Member of Parliament
- 18th Lok Sabha
- Incumbent Jitin Prasada
- Party: BJP
- Alliance: NDA
- Elected year: 2024
- Preceded by: Feroze Varun Gandhi

= Pilibhit Lok Sabha constituency =

Constituency of the Indian parliament in the state of Uttar Pradesh

Pilibhit Lok Sabha constituency is one of the 80 parliamentary constituencies to elect a member to the Lok Sabha, the lower house of India's Parliament. It is situated in the north-eastern part of Uttar Pradesh.
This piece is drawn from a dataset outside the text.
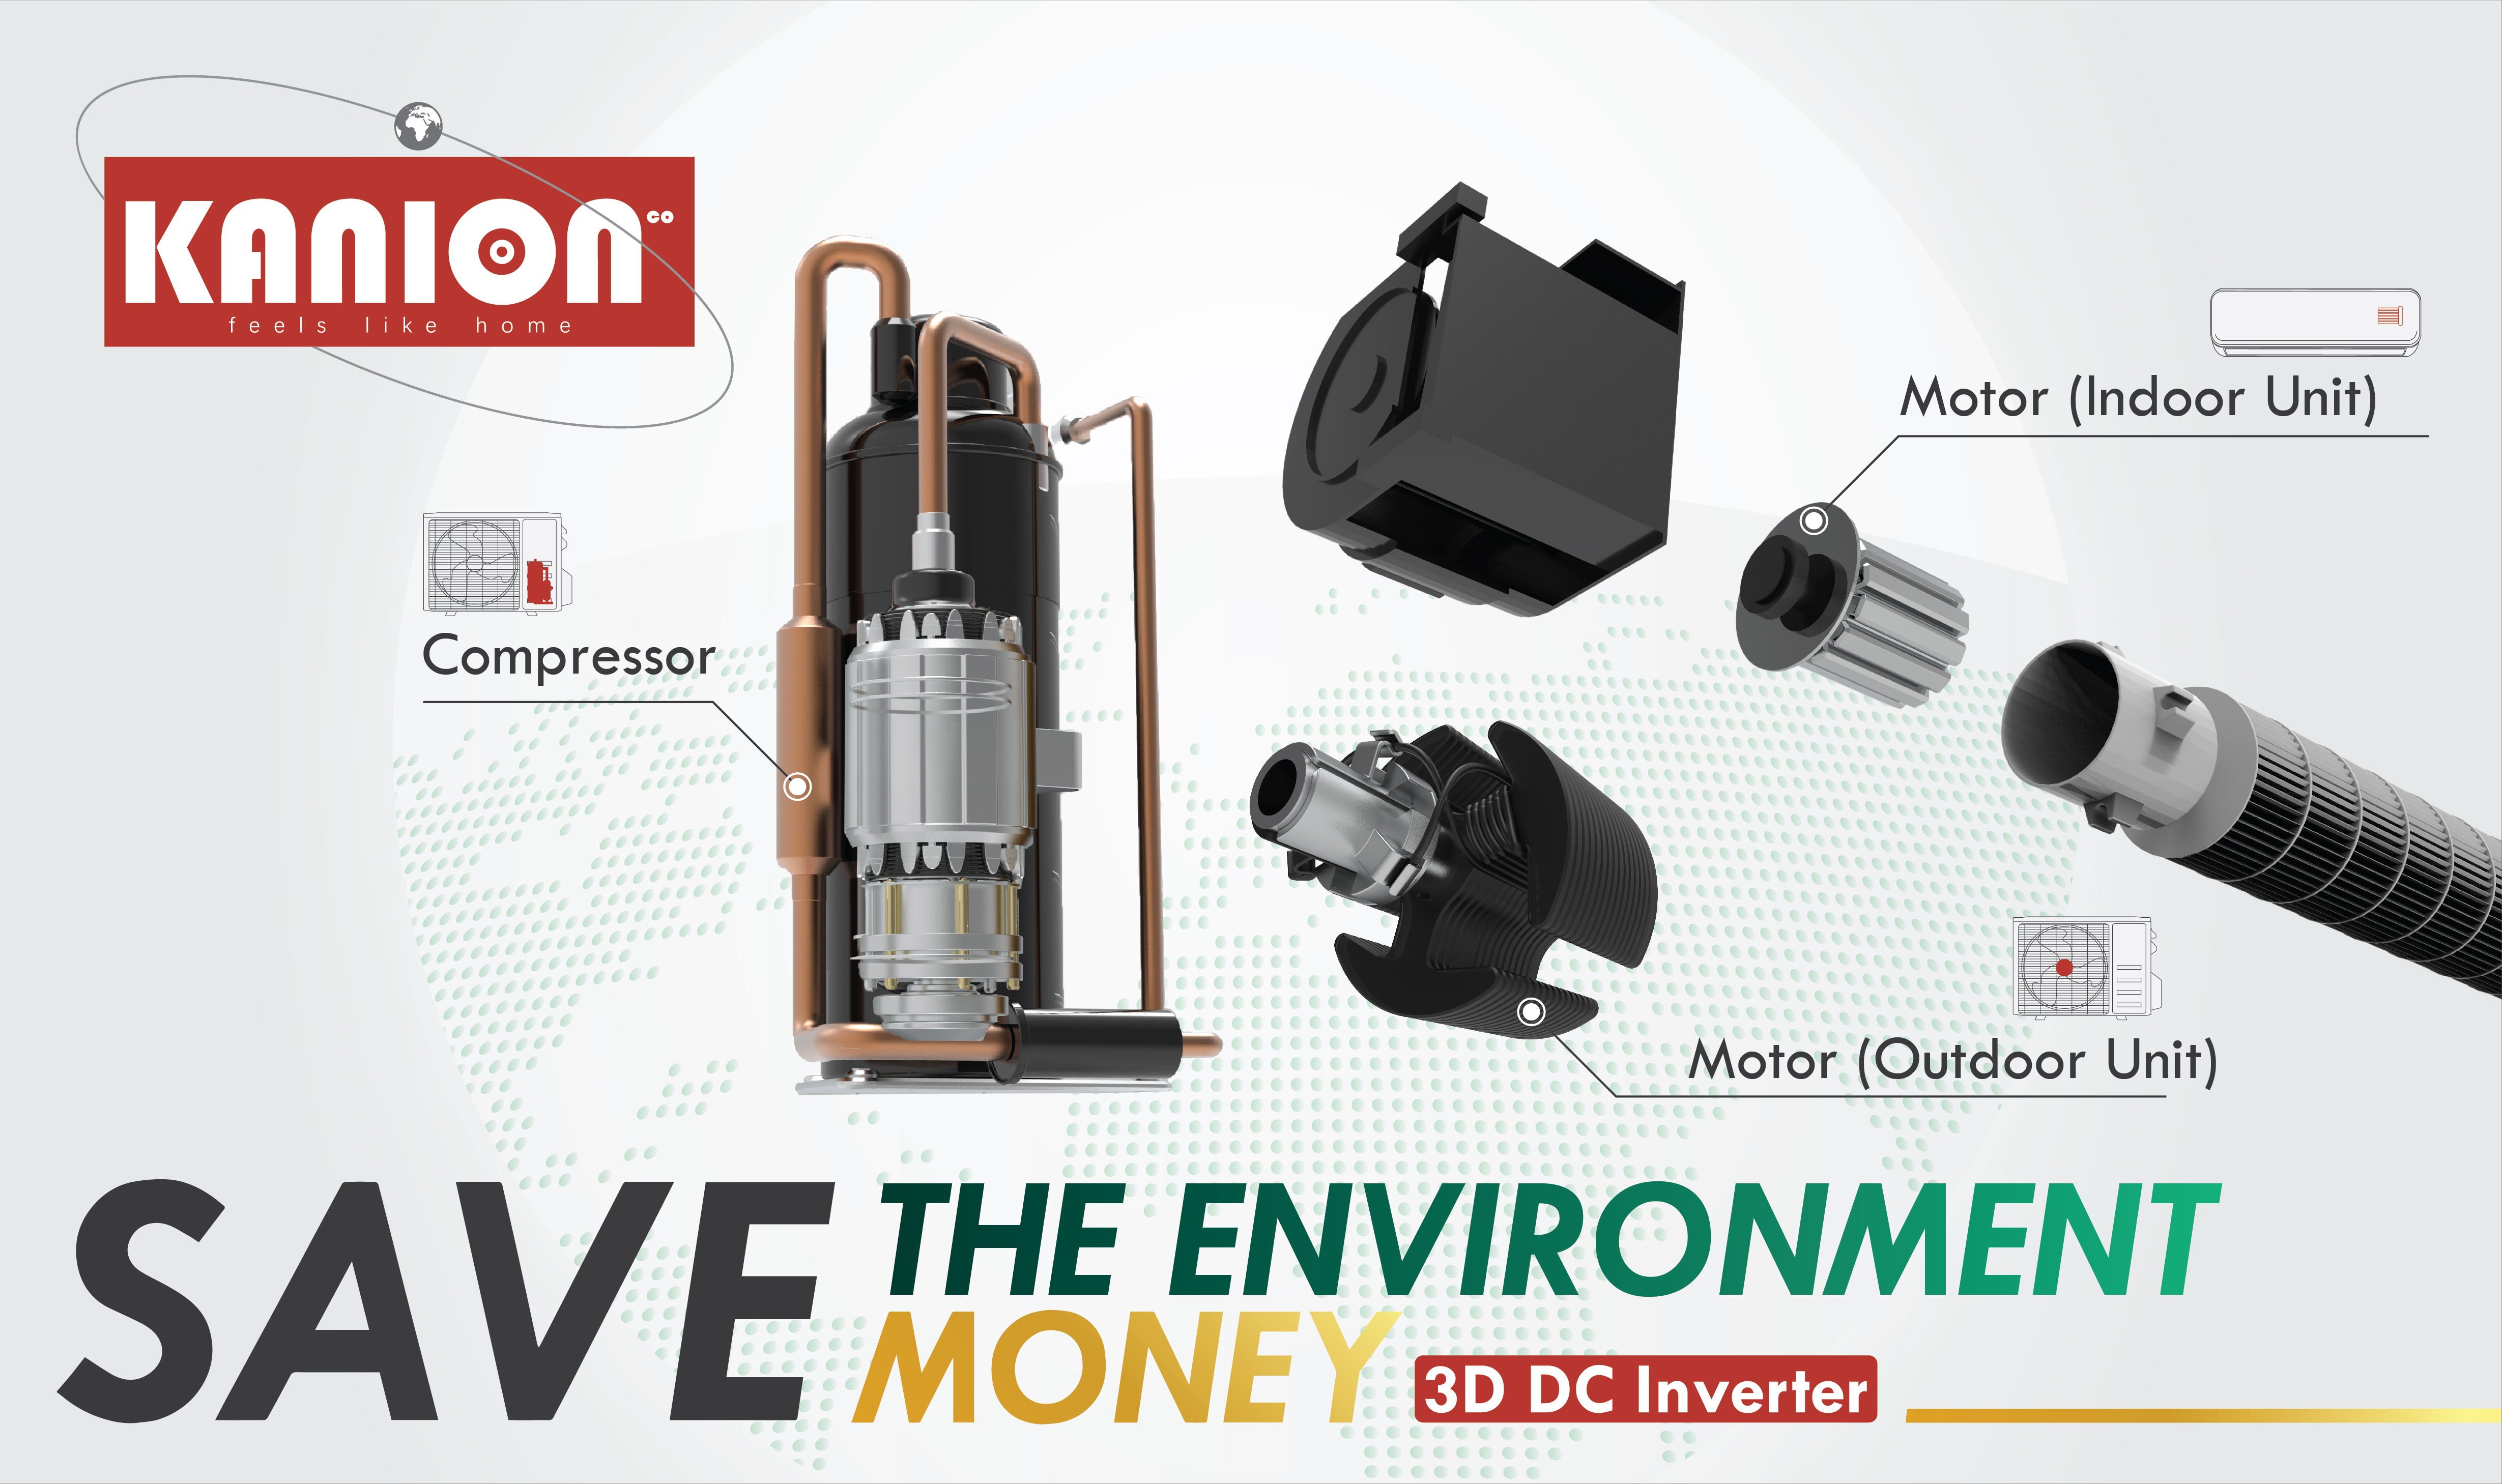 Save the environment money 3D DC inverter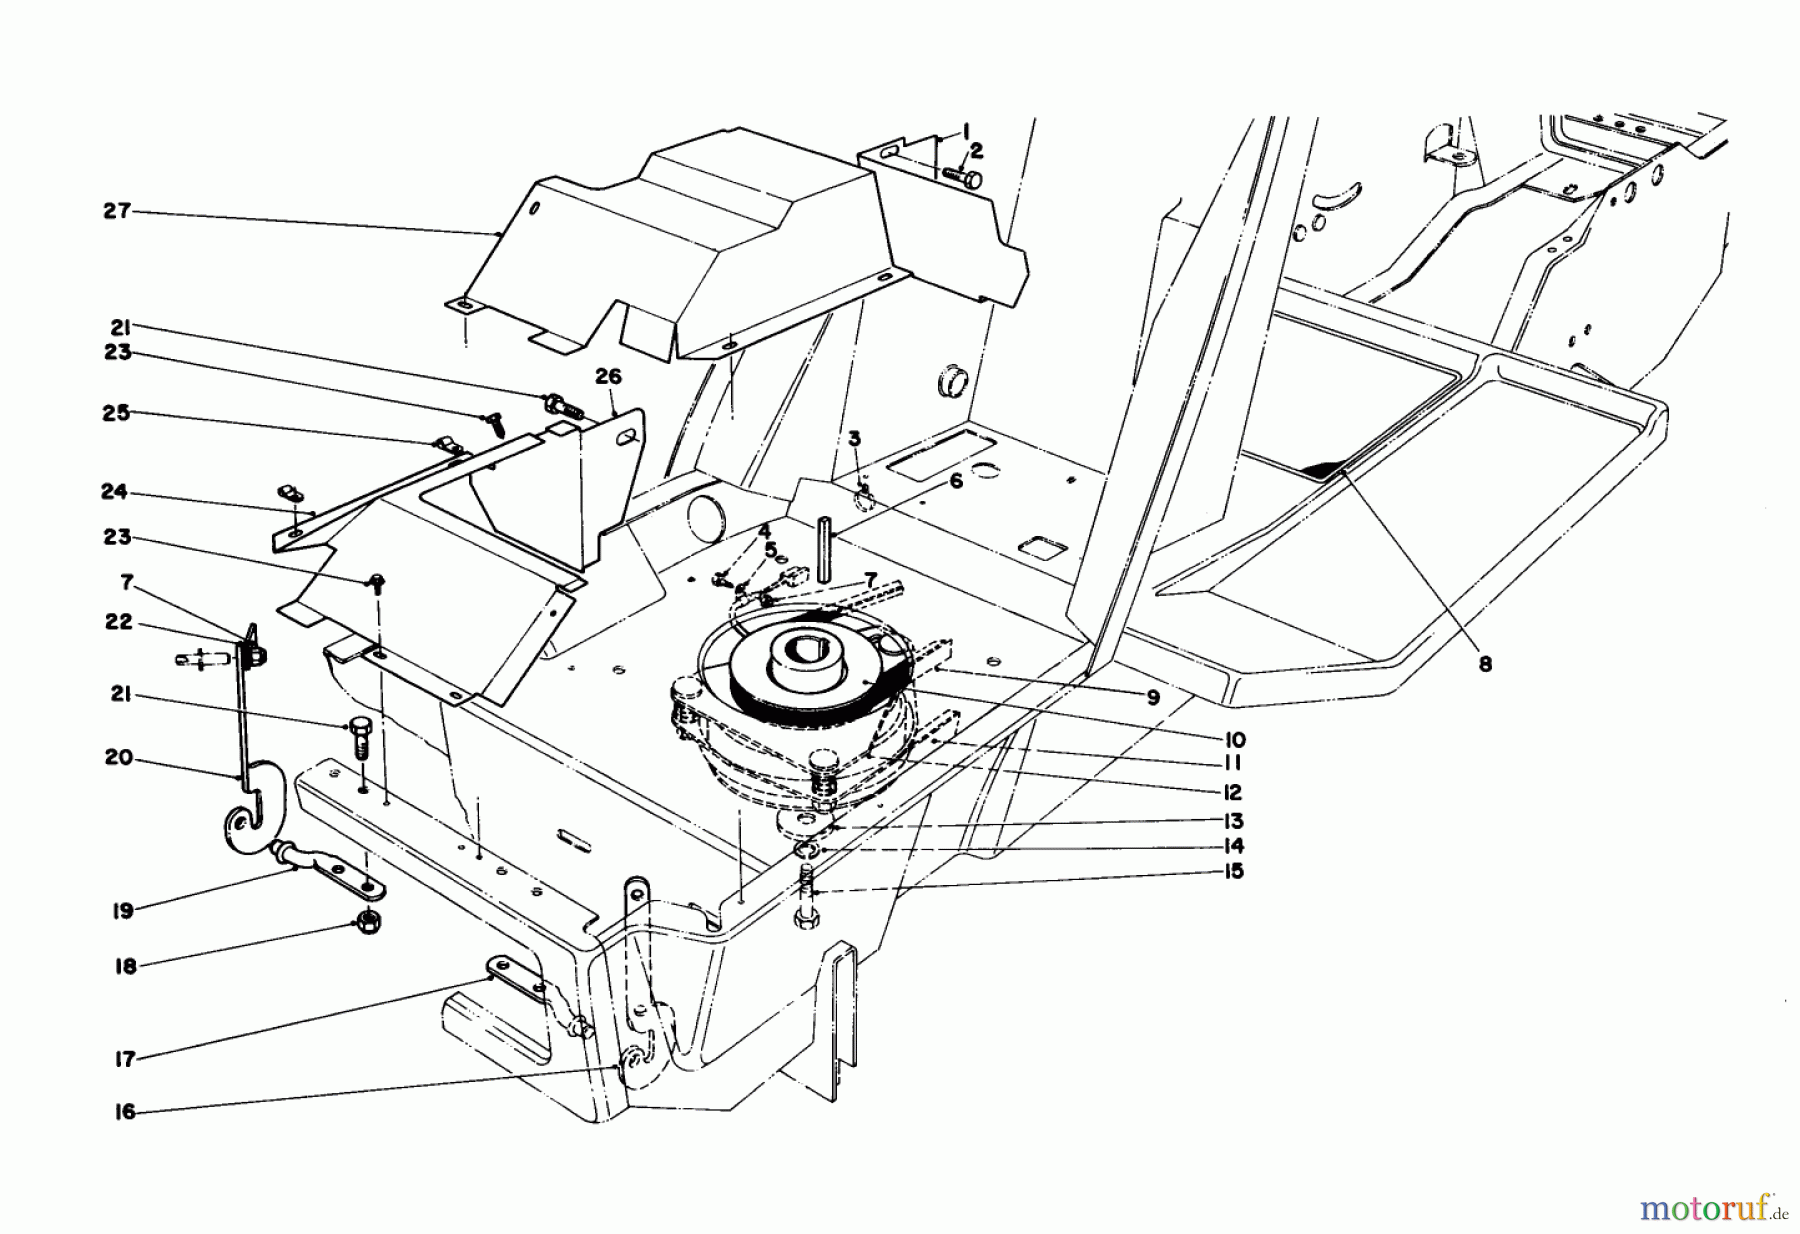  Toro Neu Mowers, Lawn & Garden Tractor Seite 1 57300 (8-32) - Toro 8-32 Front Engine Rider, 1982 (2000001-2999999) CLUTCH & PULLEY ASSEMBLY

The constituency has been represented by various prominent leaders over the years, including Menaka Gandhi and Feroze Varun Gandhi. The political landscape here often reflects the broader trends in Uttar Pradesh, a key state in Indian politics. The constituency has a mix of urban (17.7%) and rural electors (82.3%). (Note: Including 16% SC and 0.1% ST electors.) Agriculture is a significant part of the local economy, with many residents engaged in farming and related activities. Pilibhit is known for its natural beauty and wildlife, including the Pilibhit Tiger Reserve. The constituency plays a crucial role in the political dynamics of Uttar Pradesh and has been a focus for various political parties over the elections. The Pilibhit Lok Sabha constituency was created in 1951 under the Delimitation Act. After that the first ever democratic election happened in Pilibhit Lok Sabha constituency. Later, The Delimitation Commission of India again redefined the Pilibhit constituency by adding Baheri Assembly constituency and moving Powayan Assembly constituency under Shahjahanpur Lok Sabha constituency in 2008. Pilibhit constituency witnessed the highest number of contestants (total 40 including 35 non-partisan candidates) in the 1996 election and the lowest number of contestants (total 3 candidates) in the 1957 election. Pilibhit is the only constituency in the history of the Lok Sabha which elected the same female parliamentarian for six terms.

==Assembly segments==
The following assembly seats come under Pilibhit Lok Sabha constituency as per the delimitation of the parliamentary constituencies in 2008.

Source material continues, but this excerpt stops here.